Machine learning in trading: theory, models, practice and algo-trading - page 3179

 

I asked boost developers what to do with multicollinearity and feature selection (preprocessing).

I got an unambiguous answer: dude, just forget it :)

 
Maxim Dmitrievsky #:

and why would I ask if the conversion from flots to ints is needed mainly for acceleration on very large data

The bonus can be a small calibration of the model for better or worse, as luck would have it.

they will just give you the same answer, so you're probably afraid to ask because it will devalue all your years of hard work :)

How can my labours be devalued by answering a question if I judge them by the result?

Yes, the result is not super in terms of metrics growth, but it is there, including in other manifestations.

For example, there are samples where without preprocessing using my method I could not get a profitable model on new data at all.

 
Maxim Dmitrievsky #:

I asked the boost developers what to do about multicollinearity and feature selection (preprocessing).

To which I got an unambiguous answer: dude, just forget it :)

And if there are a billion traits, should we just forget about it?
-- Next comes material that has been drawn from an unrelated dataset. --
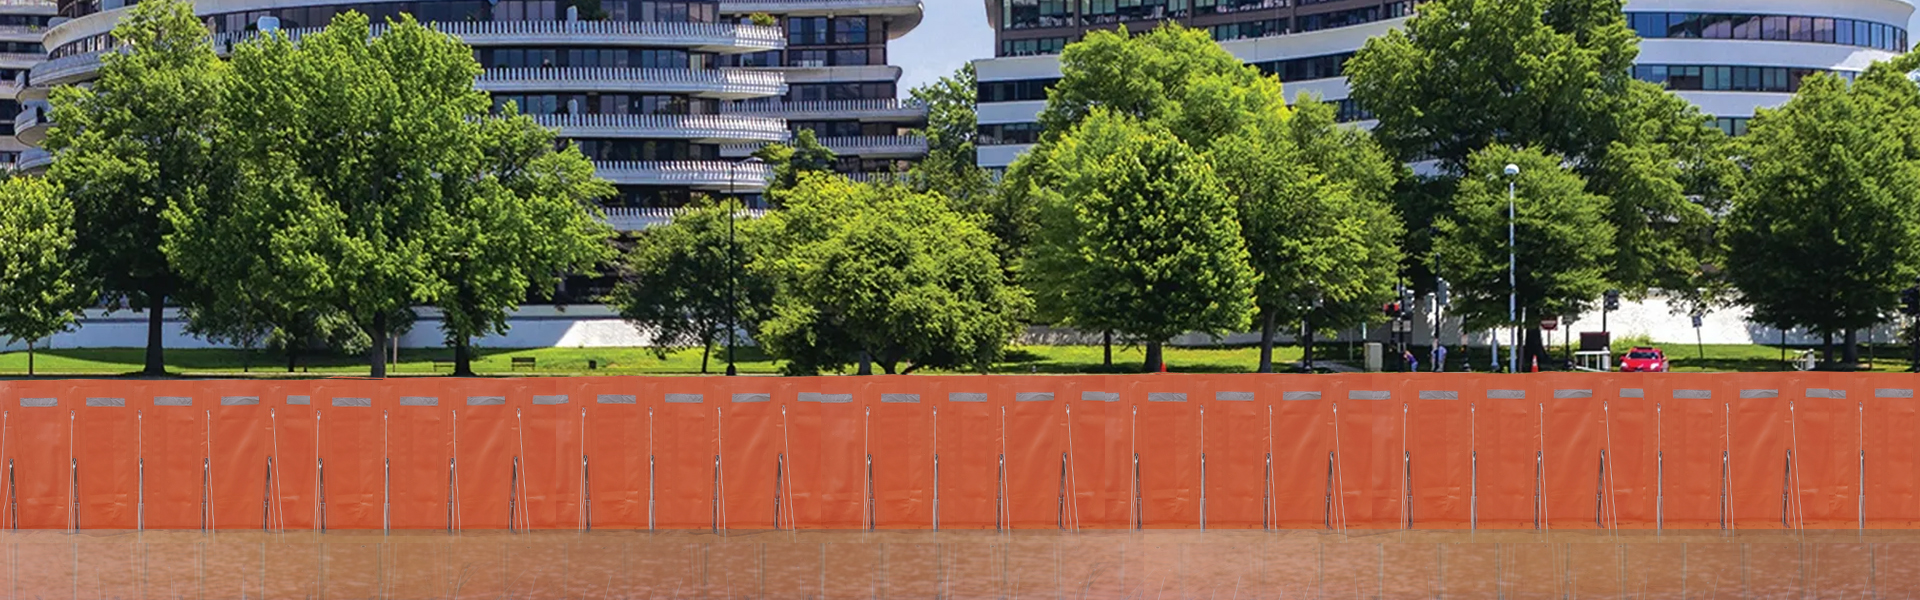 flood barrier,water gate,water barrier,flood protection
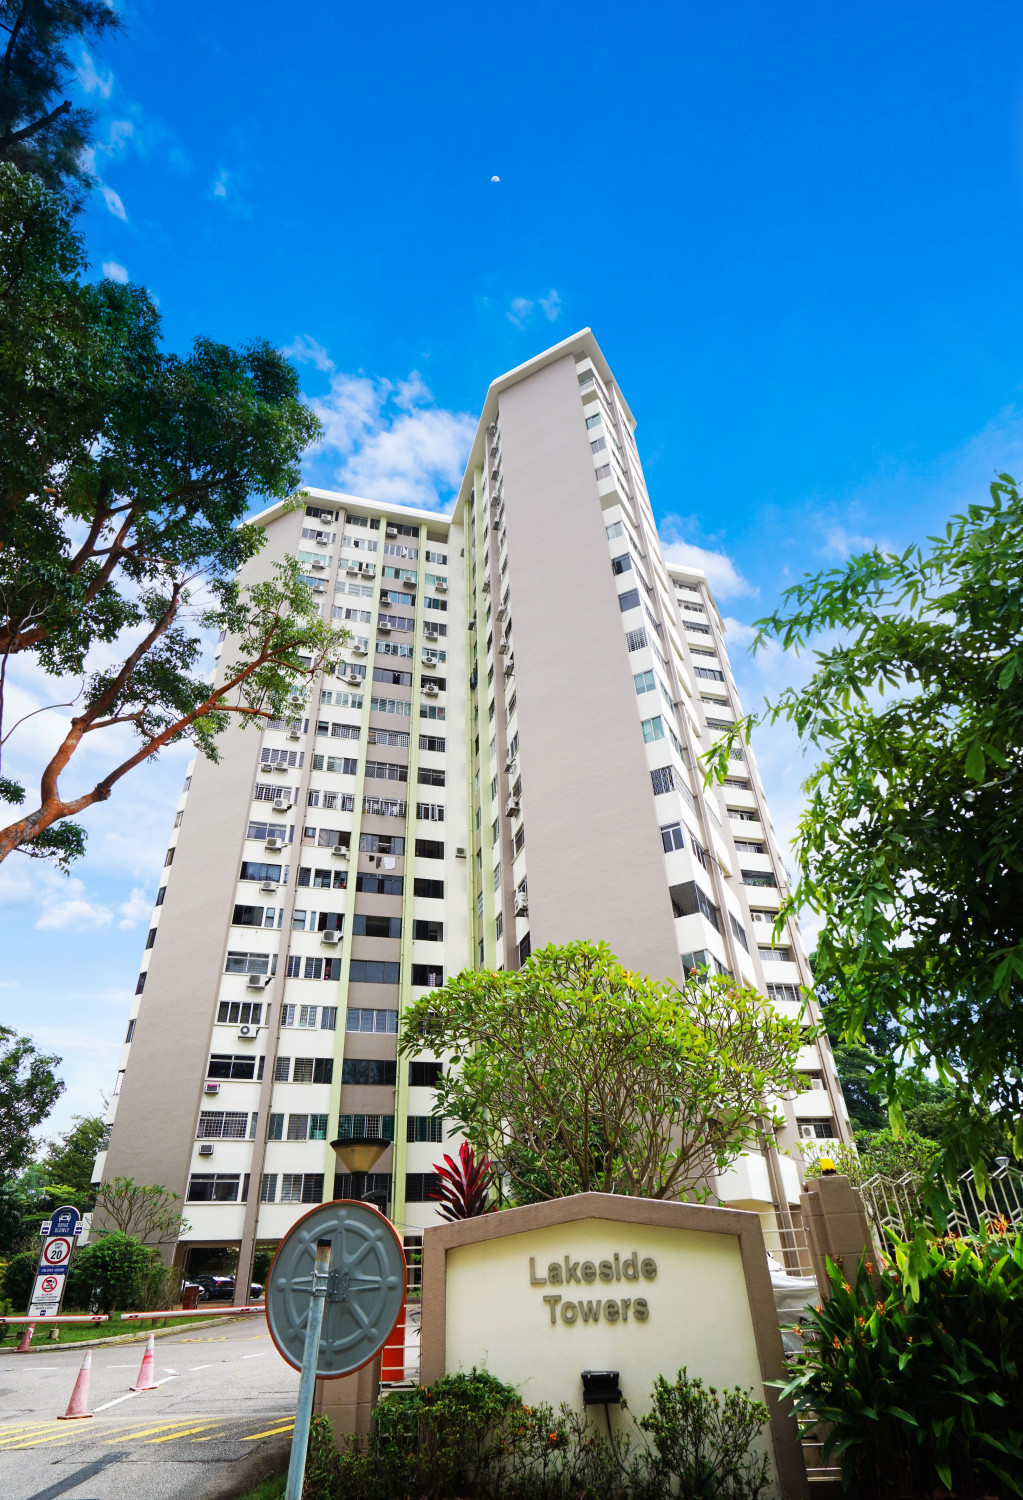 Lakeside Tower in Jurong East launches $350 mil collective sale - Property News

Or should we still select the ones that are not correlated?
 
mytarmailS #:
And if there are a billion traits, do we just forget about it? Or do we still have to select the ones that aren't correlated?
At will.
 
Maxim Dmitrievsky #:
At will
Rather by necessity, must be filtered, no option
 
Maxim Dmitrievsky #:

I asked the boost developers what to do about multicollinearity and feature selection (preprocessing).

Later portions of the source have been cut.